Championnat du monde de pâté-croûte : qui est Ryutaro Shiomi, le cuisinier japonais sacré en terre lyonnaise ?
C’est la troisième année consécutive que les japonais font main basse sur ce titre. La cinquième en tout. En terre lyonnaise ! où ce pâté en croûte – ou pâté-croute, il y a débat – est quasiment une religion. Pourtant l’annonce était sans équivoque : "Le champion du monde 2022 de pâté-croûte est Ryutaro Shiomi" a-t-on entendu sur l’estrade lyonnaise, lundi 5 décembre. Treizième champion d’une compétition qui avait débuté comme une blague. Le jury présidé cette année par Pierre Hermé a départagé 14 chefs : 9 français dont un polynésien, des américains, canadiens, suisses et don des japonais. Ryutaro Shiomi, disons le quand même, est talonné par un charcutier-traiteur lyonnais, Jérémie Crauser – à qui il manque huit points sur 1000 ! le troisième est également français : Tony Capocci de Megève.
Cuisinier d'un Relais & Château de Kobe
Qui est donc ce japonais qui bat les régionaux de l’étape ? Il a 30 ans. C'est un garçon pas très expansif. Quand on lui a demandé qu'elle était sa réaction il s’est contenté d’un : c'est super ! Il n'est pas "chef" ! Il est l'un des cuisiniers d’un Relais & Château de Kobe, le Kobe Kinato – au Japon. Il a eu l'idée de concourir parce qu'il connait le vainqueur de l’an dernier, qui lui en a parlé, et l'a même coaché. C’est par ailleurs l'un des poulains du plus français des ténors japonais de la cuisine : Sugio Yamagushi. Il lui a trouvé une cuisine dans le Jura, chez Romuald Fassenet, pour venir fabriquer son pâté toute la semaine dernière, avec tout le matériel de sa cuisine.

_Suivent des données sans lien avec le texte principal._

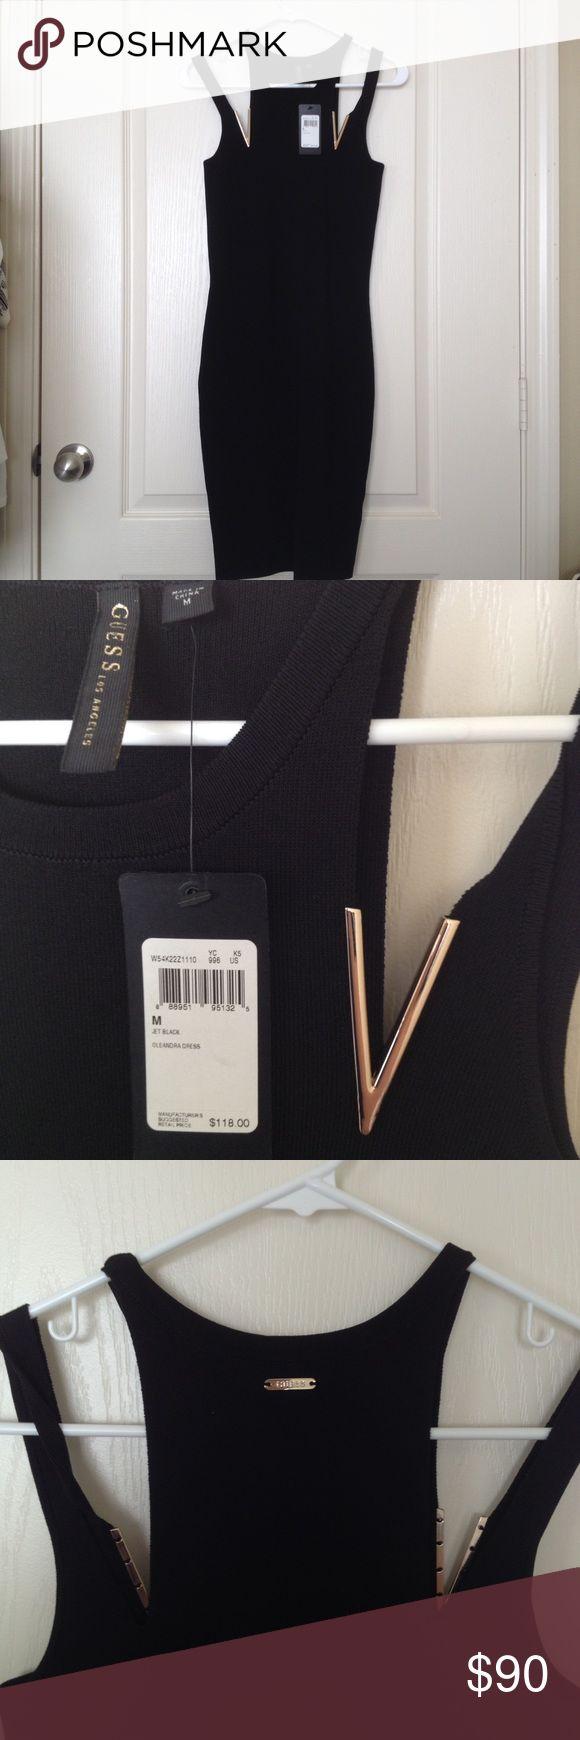 NWT Guess dress size m black NWT Guess dress size m black new with tags Guess Dresses

Visiblement, il se détachait vraiment avec son "coffret au trésor" : canard, poulet, chevreuil, marcassin et foie gras. "C'est la meilleure note que j'avais donnée, explique le chroniqueur gastronomie et membre du jury, Vincent Ferniot. Pour gagner ce championnat, il faut être parfait partout. Un la pâte, et sa pâte était excellente : fine, bien cuite, croustillante, avec un bon goût de beurre. Deux la gelée, elle doit avoir un bon goût et il doit y avoir un petit côté acidulé, sucré pour donner de la fraîcheur. Et puis trois, évidemment la farce et surtout cette texture parce que les goûts et les arômes c'est formidable, mais c'est insupportable d'avoir des farces qui sont trop dures ou manquent d'homogénéité." C'est sans hésitation, le premier choix du chroniqueur : "le Japonais a été parfait dans les trois secteurs. Visiblement ce n'était pas le plus "esthétique", pour une fois. C'est un peu le "bazar" par endroit, ajoute Vincent Ferniot, mais tout ce qui compte vraiment y était.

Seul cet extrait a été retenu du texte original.